Voting coalition MPs out may be attractive to some but remember the South of England is nearly 100 per cent Tory MPs bar London. One of the first attacks of the government was to re-draw the electoral constituencies to make electoral change almost impossible. There is a long and well established Tory–Liberal tradition of gerrymandering elections, redrawing borders and splintering nations as practised from Ireland to India and now their own backyard.
Combined action against the working class by a tiny minority without mandate but with the power of the state has to be met by combined action by us. For once and for all let’s do away with the delusion that you can reform, improve, or change the state other than by shattering it.
Workers have to change their own mindset if Britain is to survive.

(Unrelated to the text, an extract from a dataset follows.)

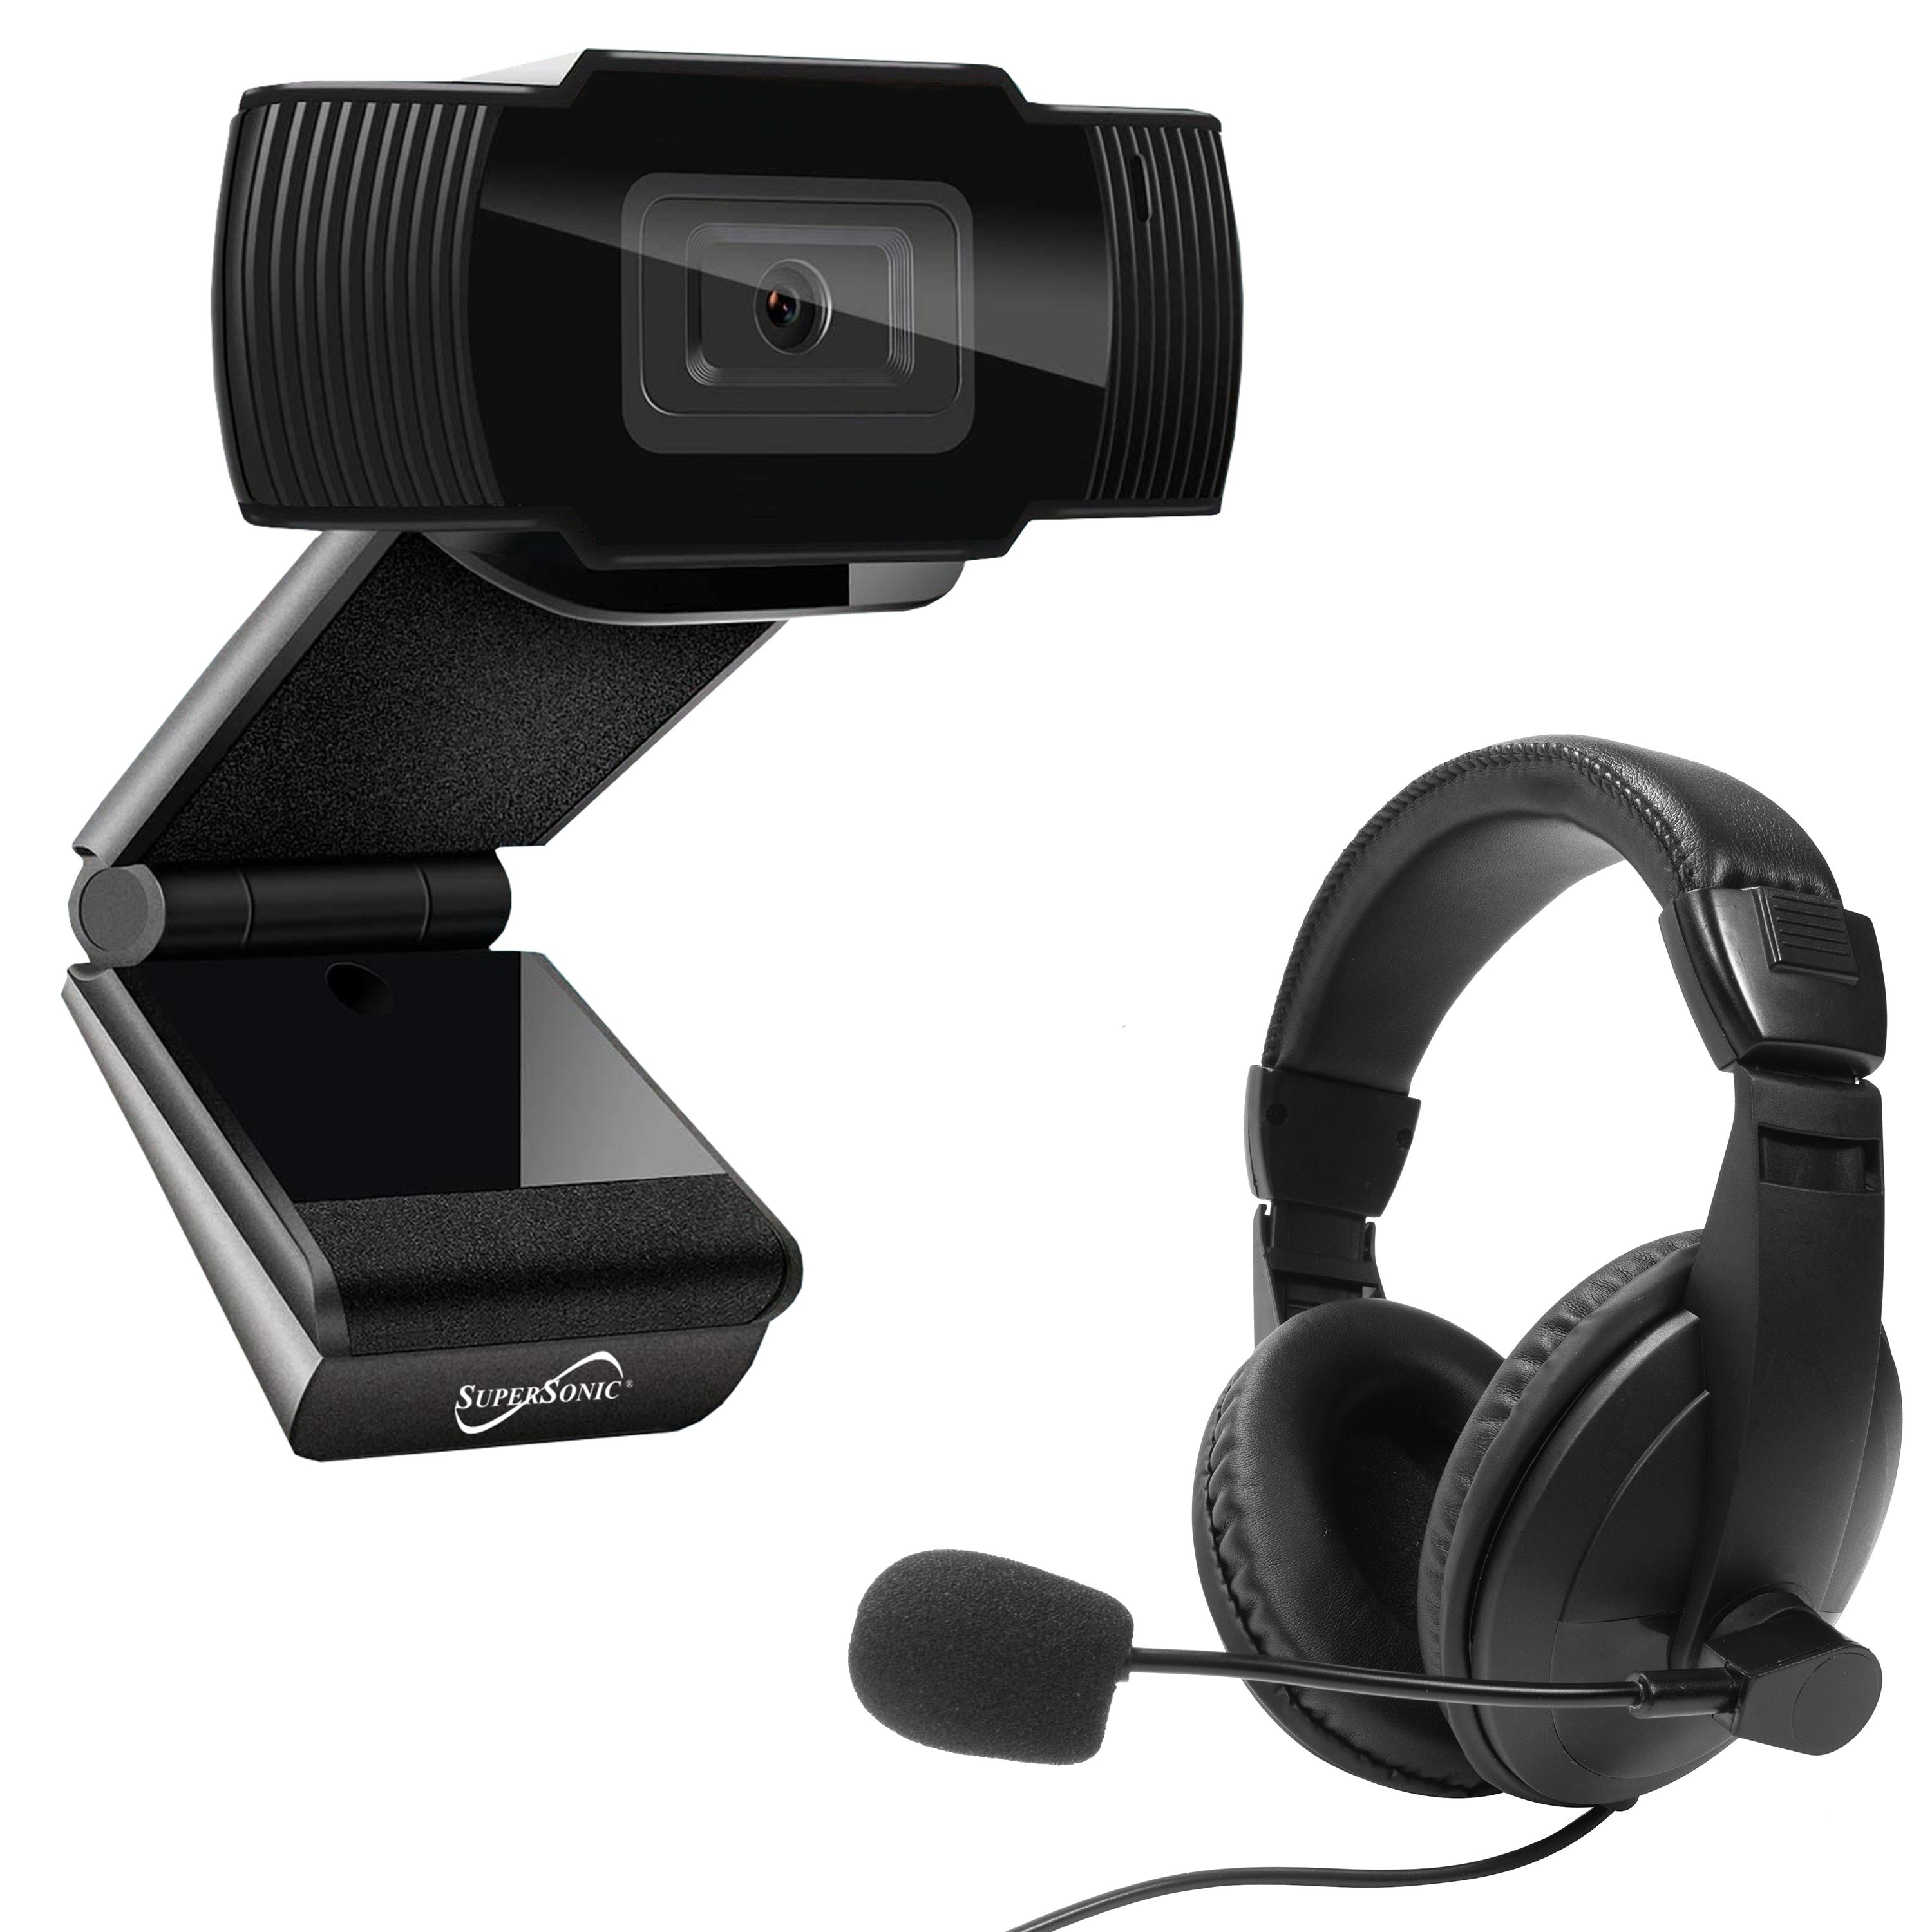 Pro-HD Video Conference Kit Pro-HD Webcam & Stereo Headset (SC-942WCH)

We are no longer in a period of getting by with gradualism and reform as during the barbarism of the early days of the Industrial Revolution. The reformist post-war settlement was destroyed by Thatcher in 1979. Though we saw off the Tories in 1997 the working class didn’t take advantage of the period between 1997 and 2010 to rebuild, to re-group or re-occupy ground we had lost.
What next for British workers? We have had 200 years of war, poverty, unemployment, parliamentary circuses and financial crises. Do we want more?
The choice is ours, but to survive and go forward has to be without capitalism. The upending of this apple cart of idiocy masquerading as society means revolution. Calculated, planned, thought-out revolution. ■
This article is an edited version of a speech given at a CPBML public meeting in London in September.